◆ Work to complete ◆
Give the data below again exactly as written, but without the pictures.

◆ Raw data ◆
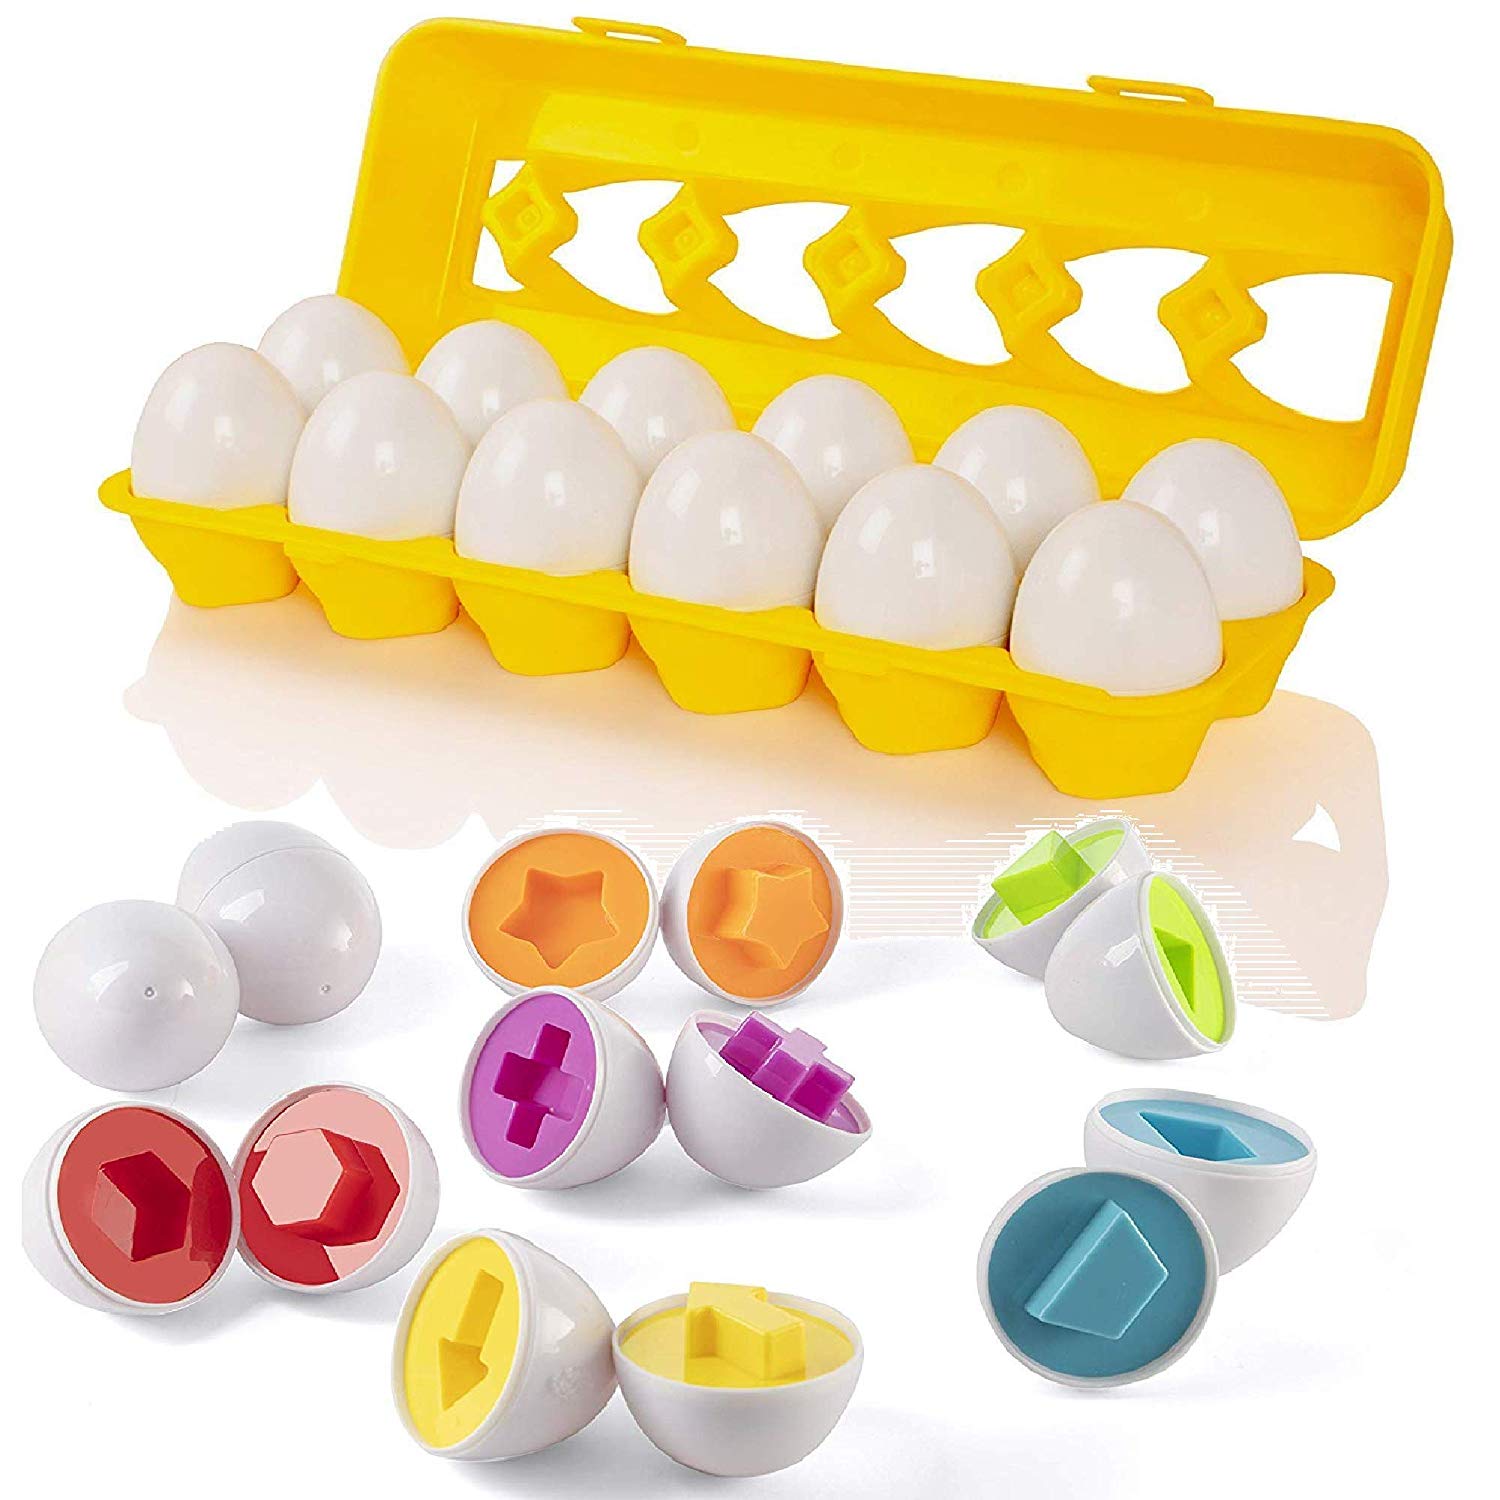 Easter Matching Eggs with Yellow Eggs Holder - STEM Toys Educational Toy for Kids
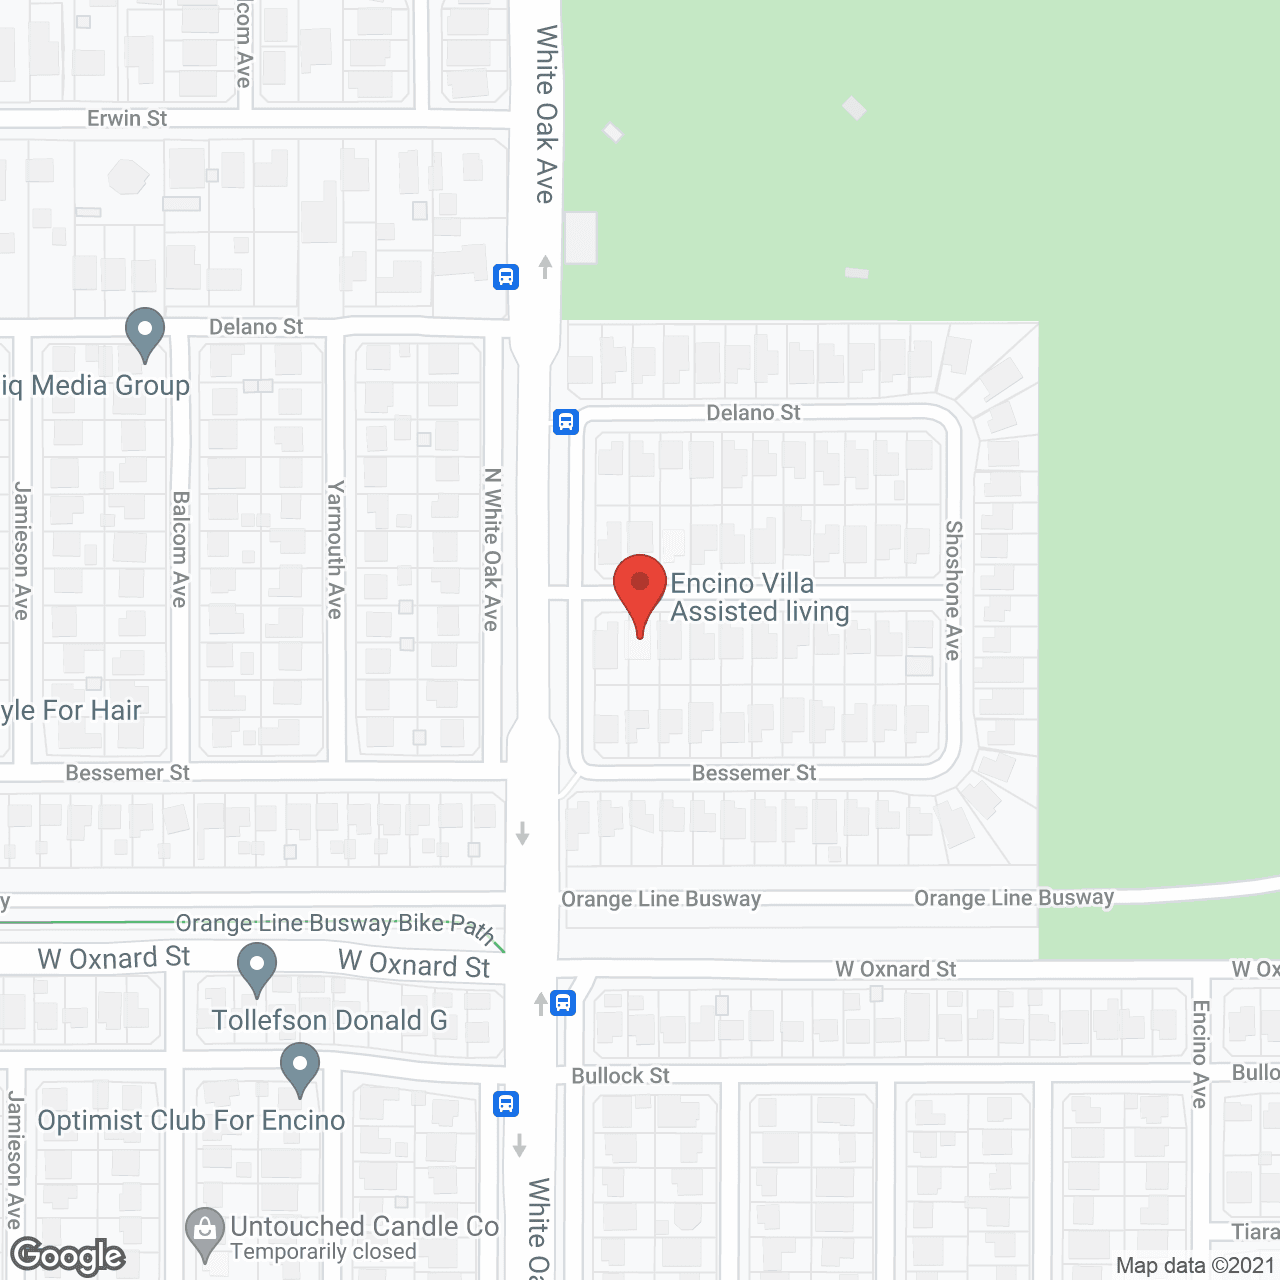 Encino Villa Assisted Living in google map
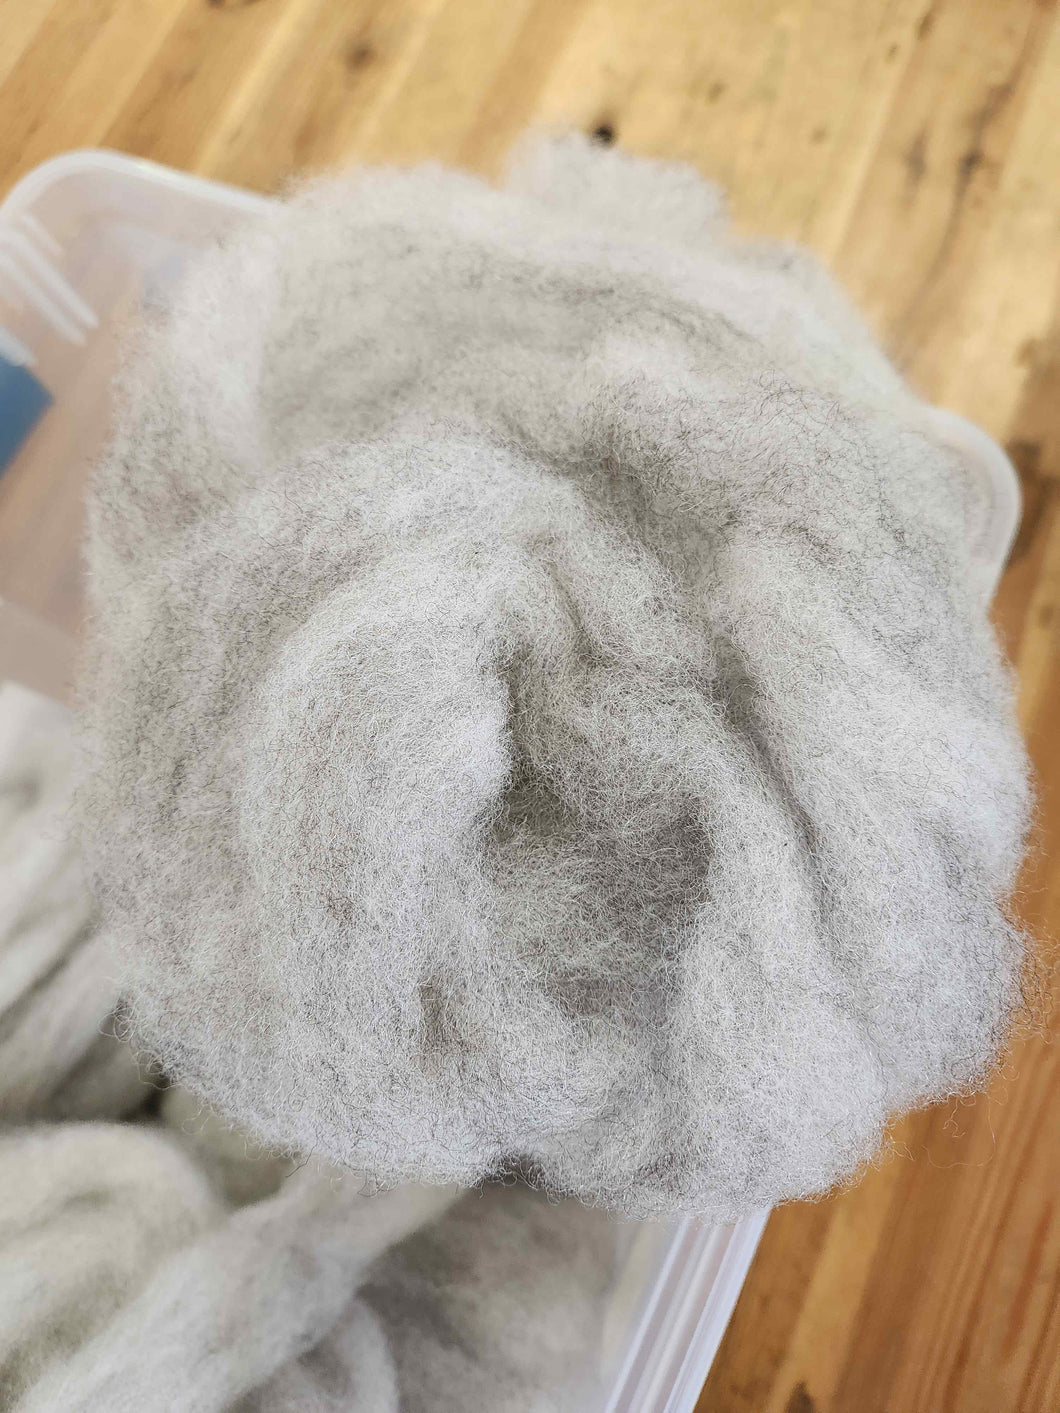 Romney Natural Colored White & Grays - Great for Beginners - 4oz

◆ Result ◆
 Easter Matching Eggs with Yellow Eggs Holder - STEM Toys Educational Toy for Kids
 Encino Villa Assisted Living in google map
 Romney Natural Colored White & Grays - Great for Beginners - 4oz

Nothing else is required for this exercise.